Criss-Cross (1949)
Saya menonton film noir karya Robert Siodmak, Criss Cross , tadi malam lagi setelah bertahun-tahun: meski bukan film yang bagus, tentu saja merupakan usaha yang layak.
Adegan tari Rumba yang eksotis di awal film sungguh menghibur, dan menandakan bahwa keterampilan sutradaralah yang menyelamatkan film ini dari kesan biasa-biasa saja.

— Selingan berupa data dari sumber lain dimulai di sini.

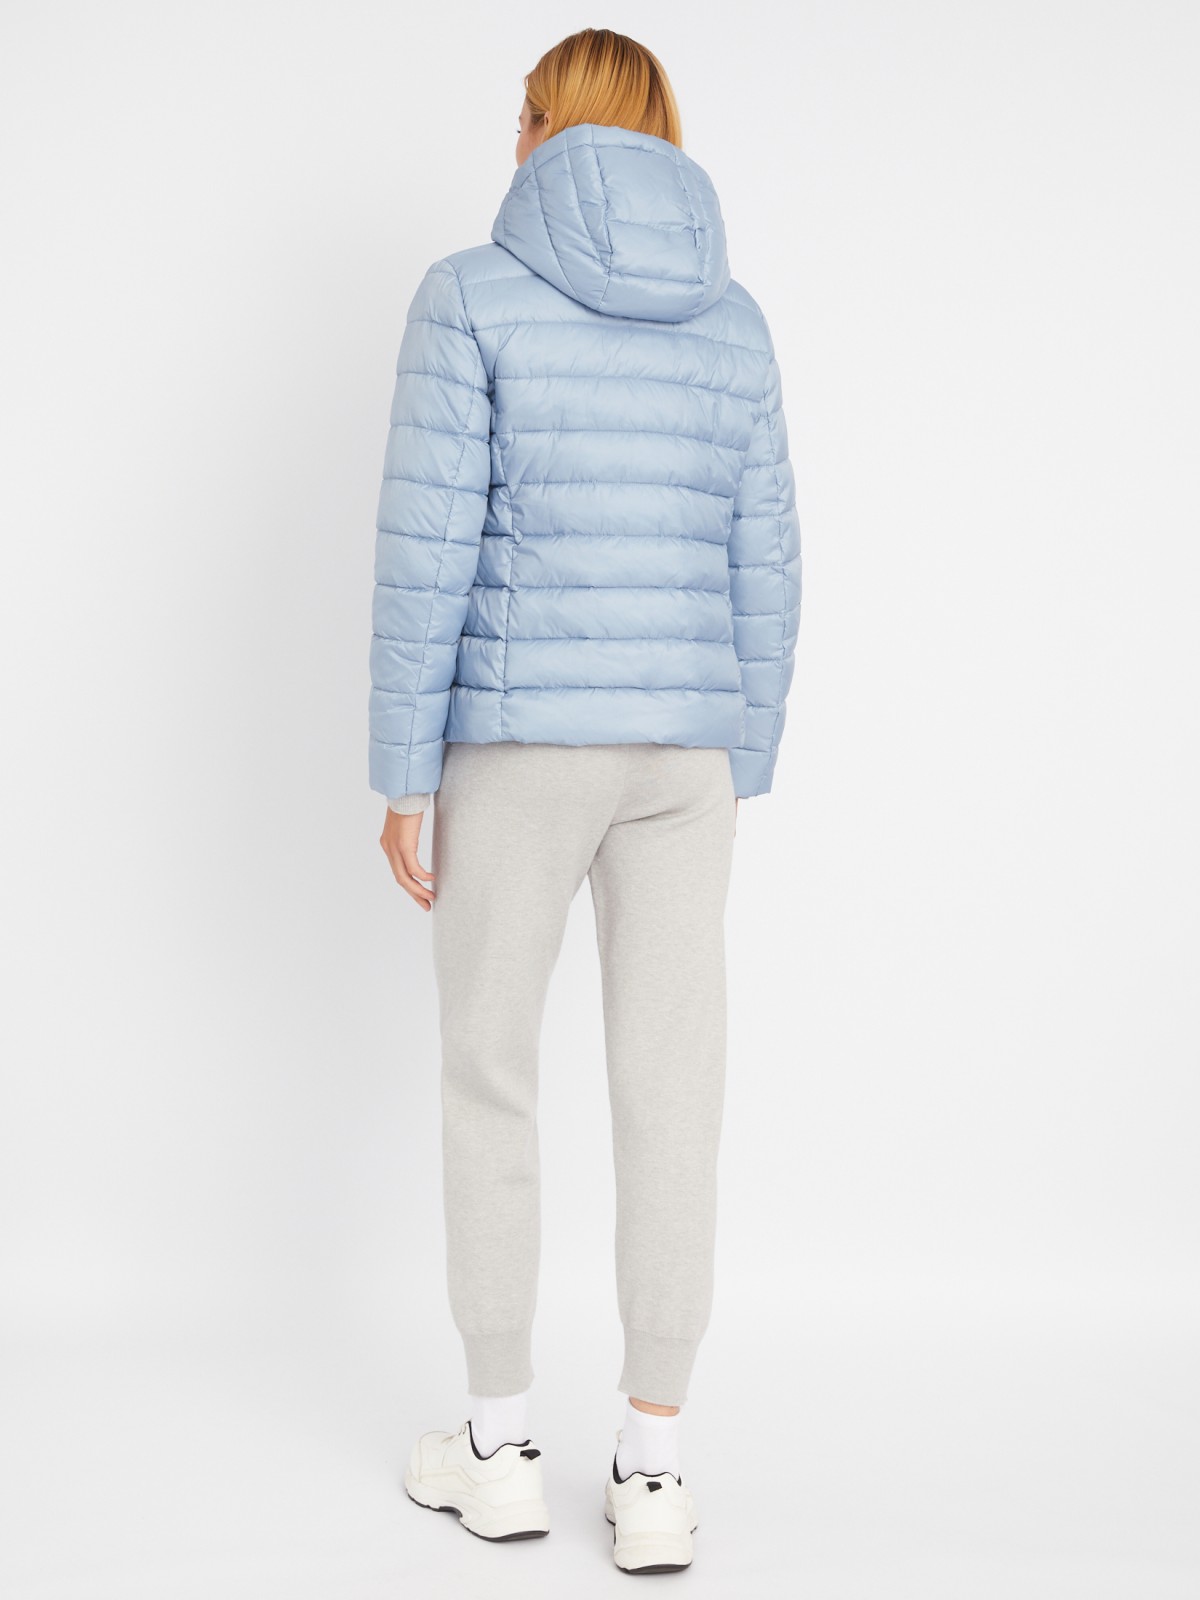 Утеплённая стёганая куртка укороченного фасона с капюшоном zolla 023335112224, цвет голубой, размер S - фото 6

Sejauh menyangkut film noir, Criss-Cross tidak biasa. Film ini lebih merupakan kisah peringatan tentang cinta yang tergila-gila. Ada unsur fatalistik, tetapi pemeran utama pria, Steve Thompson, yang diperankan dengan tingkat kebingungan yang tepat oleh Burt Lancaster, tidak begitu banyak mengalami nasib buruk, tetapi oleh kenaifannya sendiri. Sang wanita, Anna, peran Yvonne de Carlo, sebenarnya bukanlah seorang yang fatale, tetapi objek hasrat yang tidak jelas – plesetan Bunuel memang disengaja – yang merupakan kehancuran Steve. Dan Duryea, seperti biasa, memberikan penampilan yang solid sebagai orang jahat, dan aktor karakter veteran, Percy Hilton, menarik sebagai bartender yang licik tetapi tulus.
Namun, komposisi sinematik karya Siodmak dan juru kamera, serta sesama warga Jerman, Franz Planer,lah yang tetap berada dalam ingatan.
Pembukaan adegan dari udara menunjukkan saat kamera menukik ke bawah ke tempat parkir klub dansa ke sebuah mobil yang lewat, yang kemudian memperlihatkan sepasang kekasih yang bernasib buruk itu ke lampu sorot.
Bar sempit tempat Steve kembali dan menemui Anna, serta gang belakang yang gelap dan kumuh tempat Steve membasuh diri dari mabuknya.
Jalan satu arah tanpa jalan kembali keluar dari mobil lapis baja HO.
Pengambilan gambar dengan sudut tajam saat Steve mengemudikan mobil lapis baja di antara silo-silo raksasa pabrik industri, yang dengan menjepit mobil ke akar yang harus diikuti, menandakan penyergapan yang menyebabkan sesak di depan.